I am sure there could be quite a few other options - including going all around the room on narrow shelves with liftouts for doors and windows, making a 4x8 that is not left permanently set up (but instead hung on the wall or set on the side against the wall or hanging from the ceiling and so on and so forth.
But since we don’t know what you mean by “limited space” or how your room is configure
I think I found the best of both worlds
I found that after the layout was built, just having the trains go round and round got old fast. I love Operations BUT I still have a the mainline go round and round. Since I am a solo operator I use the mainline to a run a drone or two. This simulates the trains that would be other operators on a larger layout.

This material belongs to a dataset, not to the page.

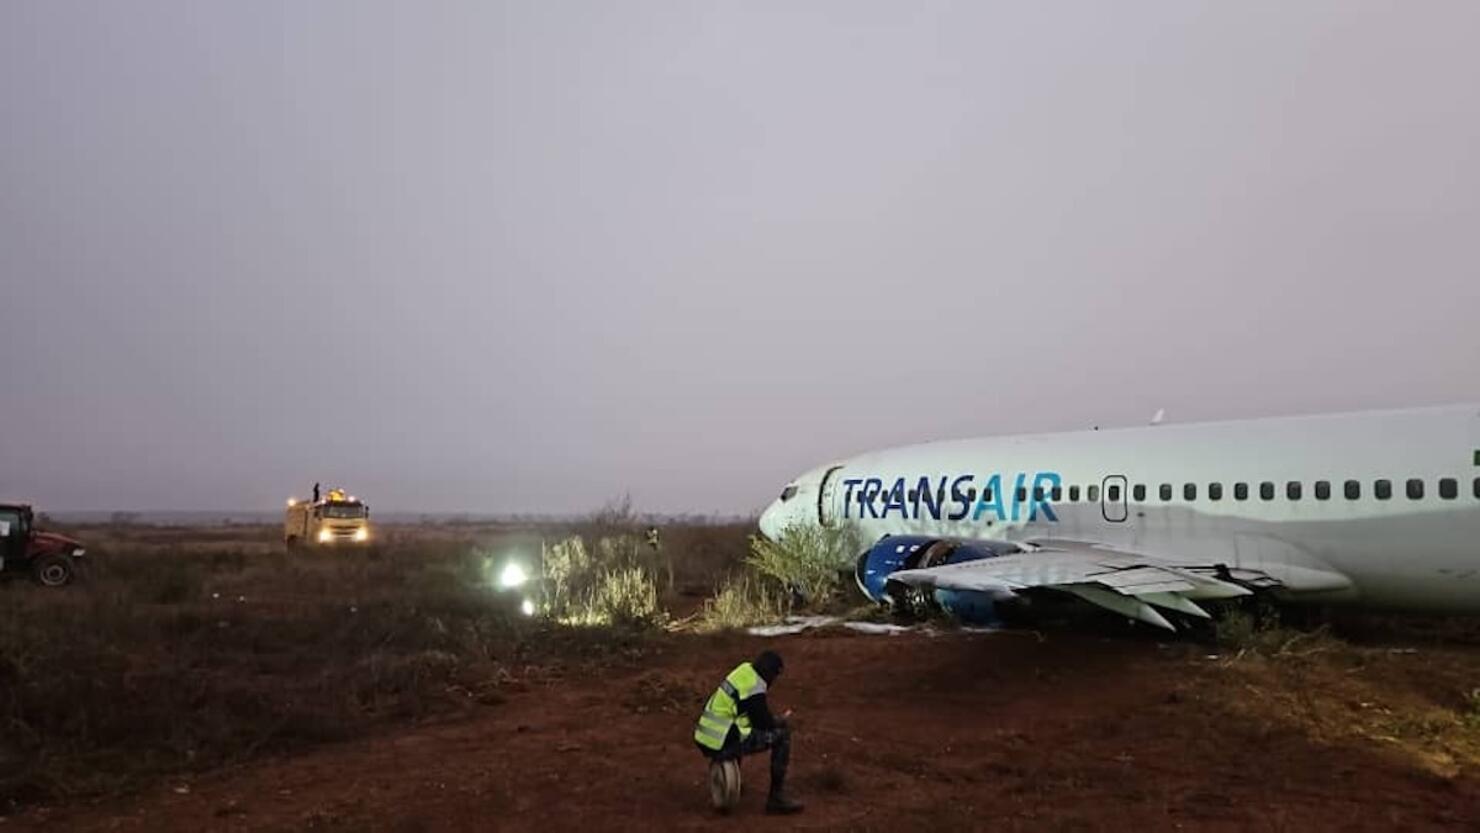 Boeing 737 skids off runway at airport in Senegal

The local I’m running has to hole up for a meet with hauler coming through kind of thing. At scale speeds of 25 MPH it takes about 2 minutes for the drone to go around the mainline one time. I have one loop visible and one loop not visible so I don’t see the train all the time. This is enough time to get the next siding etc. If I need more time to do some switching then I just hold the drone on loop not visible until work is completed. When I’m working the yard the drone just makes lap after lap to simulate rail traffic near the yard. I also run the drone as a hauler that services the yard with set outs and p/u’s.I can always just run the drone and watch go around and around and around when I want. With the second loop not visible I can watch a 20 car train totally disappear into a 3’ tunnel! Talk about appearing to go somewhere.
On my new layout I’m working on now, I’m kinda doing both…the upper level is point-to-point running from staging to an iron ore yard. Operations will be centered on yard switching, taking cuts of loaded cars to the ore dock and bringing empties back, making up empty trains to go back to staging, breaking down loaded trains that arrive from staging, and locomotive servicing with roundhouse and turntable. The lower level - not connected to the upper - will be a fairly large (about 2 scale mile run) L shaped dogbone set up like a double track mainline. There will be some industries for wayfreights, but a lot of the time it will see fairly long passenger trains running on the continous loop just to see them run.
In your case, if your switching layout works OK, as noted you could try adding loops to the end to allow continous running - even if they’re on some type of removable benchwork…kinda like a modular layout.
Ratled, that’s exactly how I run mine. I’ll turn a train loose on the main, then either fiddle in the yard to set up the next one, or run a local to one of the switching locations.
Lee
My layout is a 22" x 96" switching layout in n-scale. It is actually a rural town with a double mainline, a crossover on each end to move between mains, a siding along the double main, a station and 2 industries. 3 industry sidings that hold a total of 16 cars and the siding on the main holds 12. Sounds like alot but it’s actually pretty open and easy to work with plenty of runaround room.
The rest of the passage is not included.